I took a breath, then stepped back inside the clubhouse. As I crossed the threshold, the room immediately went quiet. Priest had joined the group, too, and was apparently caught up, from the way he cast me a concerned look from his armchair. I pressed my lips together, then stalked across the room to the kitchen, where Eli was leaning against the counter. “What the hell were you thinking, butting in like that?”

“What?” Eli asked. “Where’s Dawson?”

“He left,” I said. “And no, I don’t know where he went.”

Murmurs around the room. Obviously, everyone was thinking the same thing as me: to a bar.

“Seriously, Eli,” I said. I crossed my arms over my chest and looked down my nose at him.

Eli raised both his hands in a gesture of surrender. “I didn’t realize you hadn’t told him that! It doesn’t seem like the kind of thing you’d, I don’t know, hold back.”

“I wasn’t holding back,” I said. “I was planning on talking to him about it. There just hasn’t been a good time with everything that’s been going on.”

“That’s bullshit,” Brennan said, from where he was on the couch in the seat I’d vacated.

Now it was my turn to be confused. “What?”

“Come on,” Brennan said. “You know that’s bullshit. You’ve been with Dawson for months now, you had nothing but time to talk to him about something that’s such a big deal.”
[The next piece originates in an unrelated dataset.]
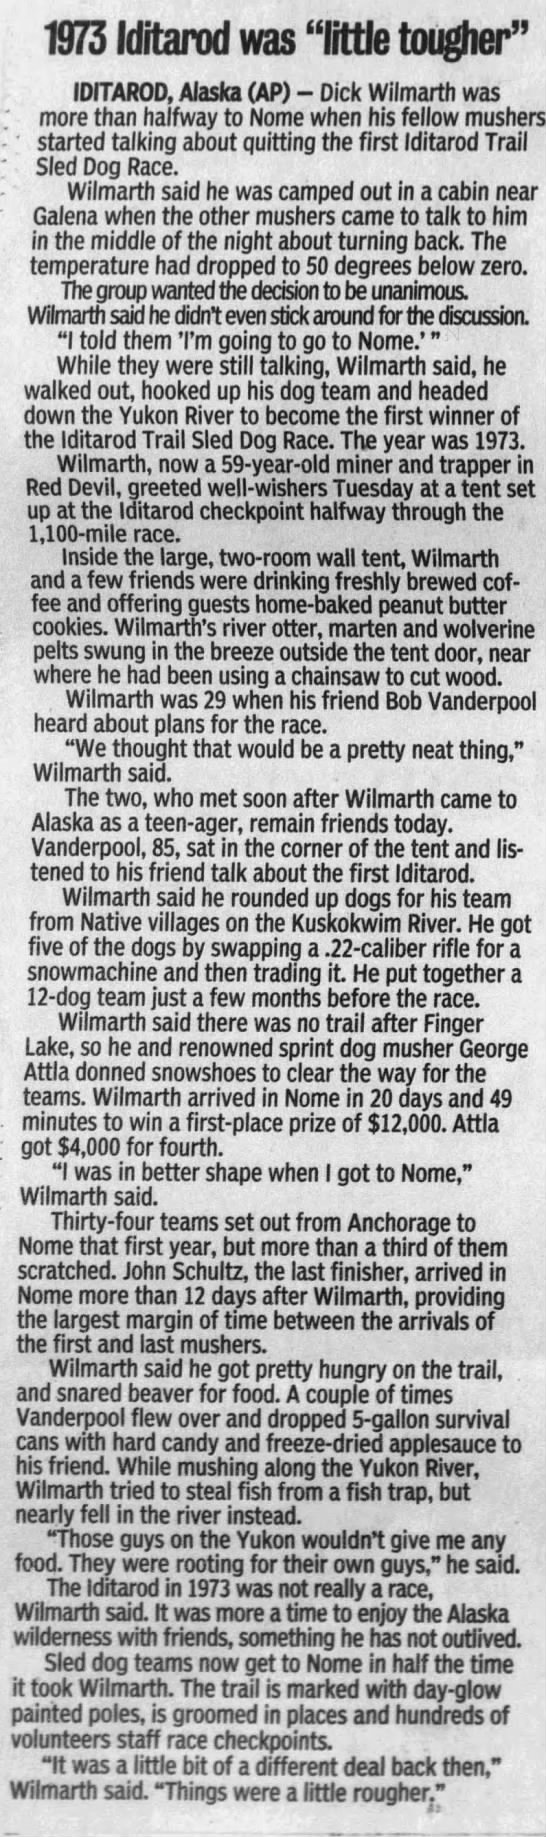 2001 interview with winner of first Iditarod - 
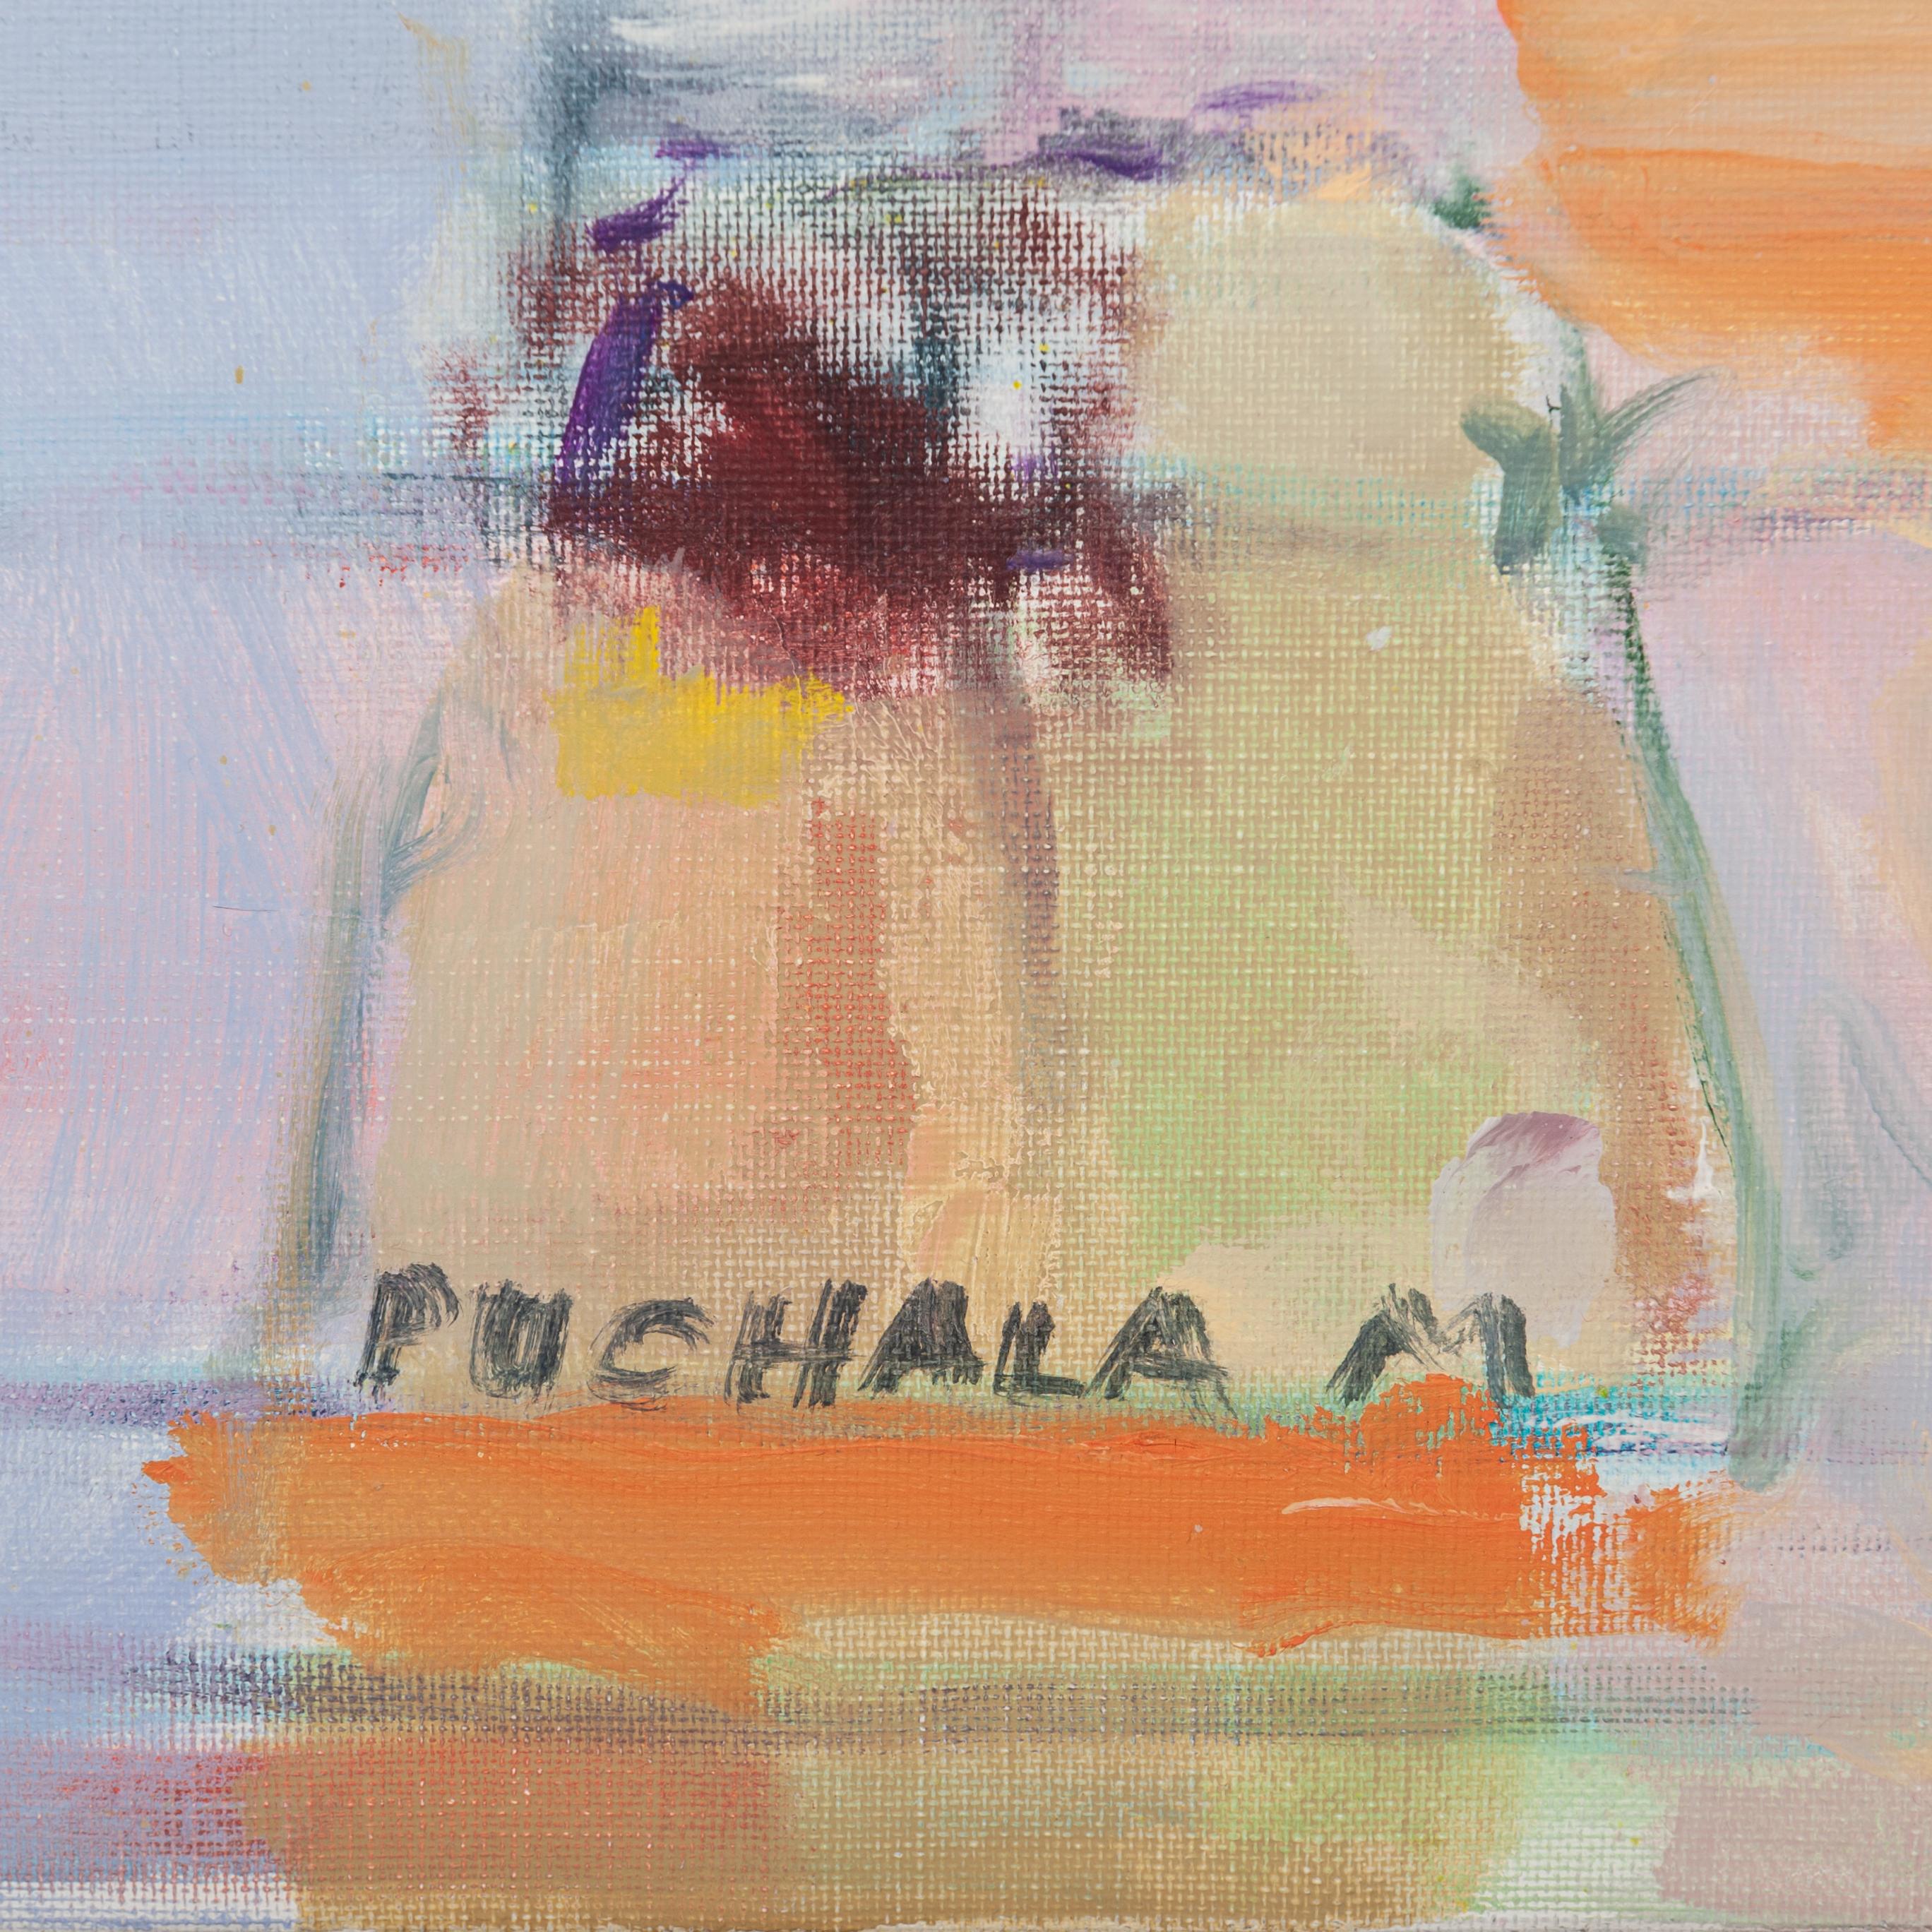 Abstract painting in warm, friendly acrylic colors with the name

Exasperation flared in me. “That’s what I don’t get! Everyone is saying this is a big deal, but why the hell does the label matter? Who gives a fuck if I’d never been with a man before, or that I’m still figuring out the words to explain my sexuality? I care about him, isn’t that enough?”

“Well, it’s obviously a big deal to him,” Raven said. “And a big enough deal to you that you talked to us about it. That you feel like there’s something to figure out.”

I grimaced. He had a point there.

“If it wasn’t a big deal, why didn’t you say anything about it sooner?”

“I don’t know,” I said automatically. But—I did know, didn’t I? I knew my sexuality was… different. And that explaining it to Dawson would mean explaining the depth of feeling I had for him. And I was worried saying too much, too soon, would scare him away.

Great fucking plan, apparently. I’d driven him away, anyway.

“What did he say?” Raven asked.

I sighed and raked my hands through my hair. “He said he didn’t want to be my ‘experiment.’ Which isn’t the case at all. Why would he think that?”